As per tradition of the long line of pop stars that have come before her, Lady Gaga concerts remain a pop culture sanctuary, welcoming not only the self-described misfits, but also every other person who has a part of themselves that’s socially “improper” to tell people about. And while attending these pop shows are important for everyone involved, the impression it leaves on young girls — especially those who are taught to keep their legs crossed, back straight, and mouth closed at all times — is invaluable in being able develop and embrace who you really are and the bullshit you’ve had to push through.

As hated as the phrase has become in 2017, these concerts are meant to be “safe spaces,” both literally and figuratively for fans.

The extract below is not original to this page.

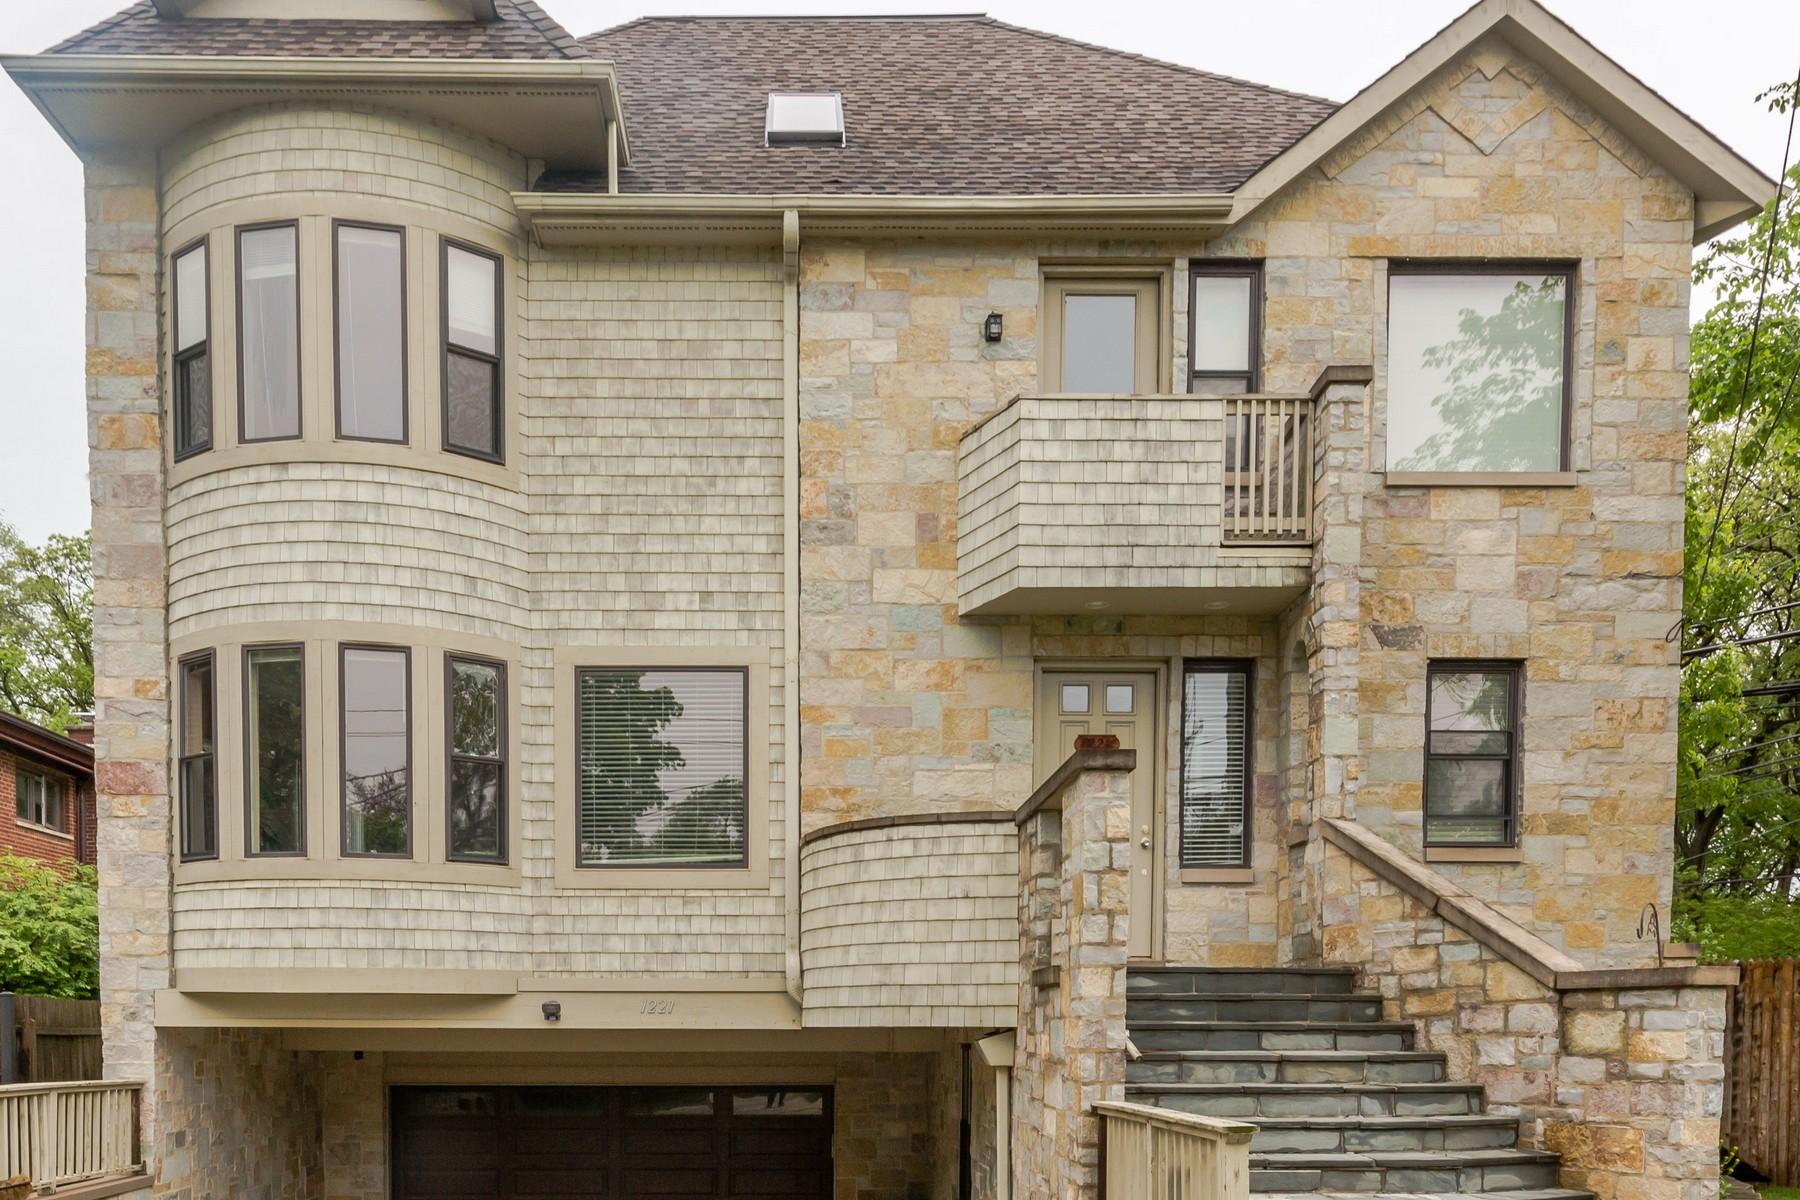 Maison unifamiliale pour l Vente à Light-Filled Four Bedroom Home 1221 IsaBella Street Evanston, Illinois, 60201 États-Unis

With a single event on May 22, that notion has been torn to shreds, as Grande fearfully cancelled the remainder of her European tour and concertgoers are not forced to be more weary — or just skip concerts altogether out of concerns for their safety.

There are no doubt countless mothers around the world who are today deciding against allowing their young daughters to go see their heroes on stage. And those girls will be missing out on one of their life’s most transformative experiences. Everyone remembers their first concert. You’re likely thinking back on yours as you read this.

Where I and many others have the privilege to sit and recollect the details of my first and then favorite concert, the victims of last night will never be able to do the same. The survivors will always have a tarnished view of that show, and maybe even their idol. Suddenly, safety has become a luxury instead of right or expectation. This isn’t how it should be.

As many people have been forced to remind themselves recently in the turbulent climate of current events, we have to take time to emphasize that this is not normal, nor should it be. Because every girl should have the chance to smile as she wakes up the next morning with memories (not to mention pearls and rhinestones) from last night’s pop show dancing in her head.